Our approach is novel in that we don’t merely have student learners play a game; rather, we have them participate in the design and development of the game. This meta approach is central to the success of our project. We believe this collaboration motivates students more than merely getting to “play games” in the classroom. Beyond involving students in designing video games, it is essential to foster a sense of collaboration to enhance learning. As done by Bououd (2012), we require students to collaborate in their game play and design to ensure deeper, collaborative learning occurs throughout the design and development processes. Whereas Bououd emphasizes the idea of collaborative gameplay as enhancing learning, we believe this approach is also applicable at a meta level. Students learn how to design by “playing” the course as well.

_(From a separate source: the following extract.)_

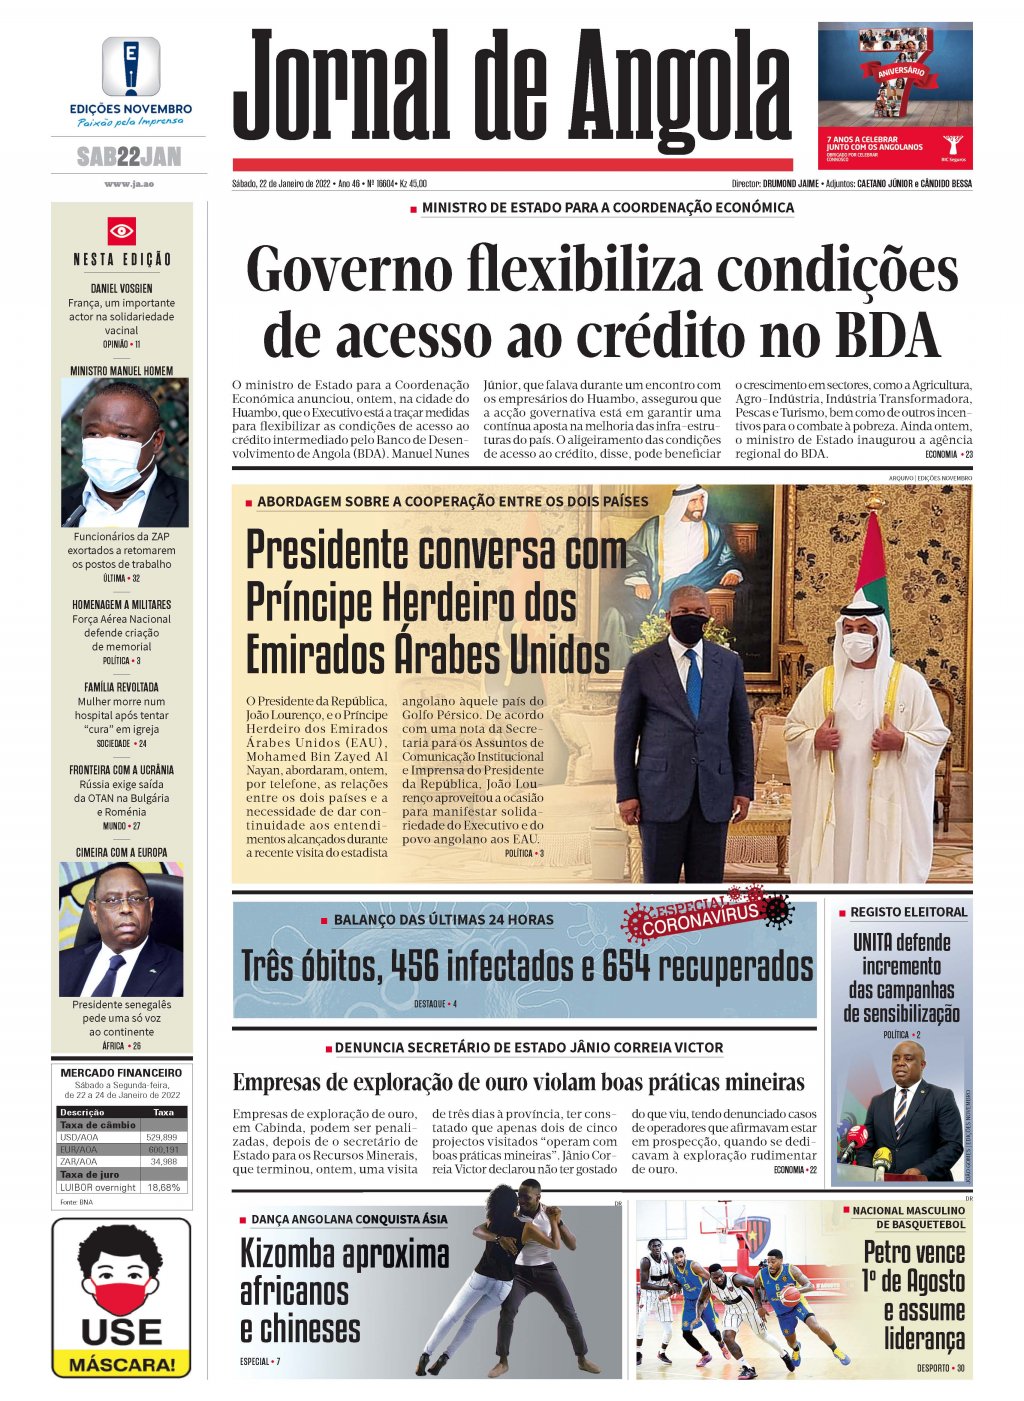 Jornal de Angola - Notícias - 1º de Agosto descarta qualquer

When initially designing the collaboration with the local K-12 schools, we understood that the technology resources available in the school might be a limitation. Our university game development lab is equipped with the latest computing hardware and software, but this is certainly not the case of most K-12 schools, which often struggle to obtain resources. While this seemed a daunting problem to overcome, we found by examining the literature that the limitation of technology resources could actually benefit our proposed collaboration and actually benefit our university students’ learning. With respect to constraints, Stephen Jacobs makes the case that constraining the design and development of games for learning to utilize less powerful computing (and in the case of Jacobs’ work—using the One Laptop Per Child (OLPC) with fairly minimal computational power relative to game systems) can be beneficial for the university student design team (Jacobs, 2010). In addition to having to focus on core game development concepts, students who work in technology-constrained environments are better positioned to work in mobile and web technologies relative to their counterparts who work on and develop for high-end gaming systems.
OUR PROCESS
Similar to a software requirements specification (SRS) document, we utilize a Game Design Document (GDD) for each project (Salazar et al., 2012). This helps the student teams clearly and completely define the scope and intent of the game project without having to worry about implementation details. The GDD and SRS act to define the what of the software system; later, the student teams can define a technical specification document that defines the how—i.e., how the system will be implemented, which specifies the implementation programming language, technical details about algorithms, and specific approaches to enabling the requirements specified in the SRS/GDD.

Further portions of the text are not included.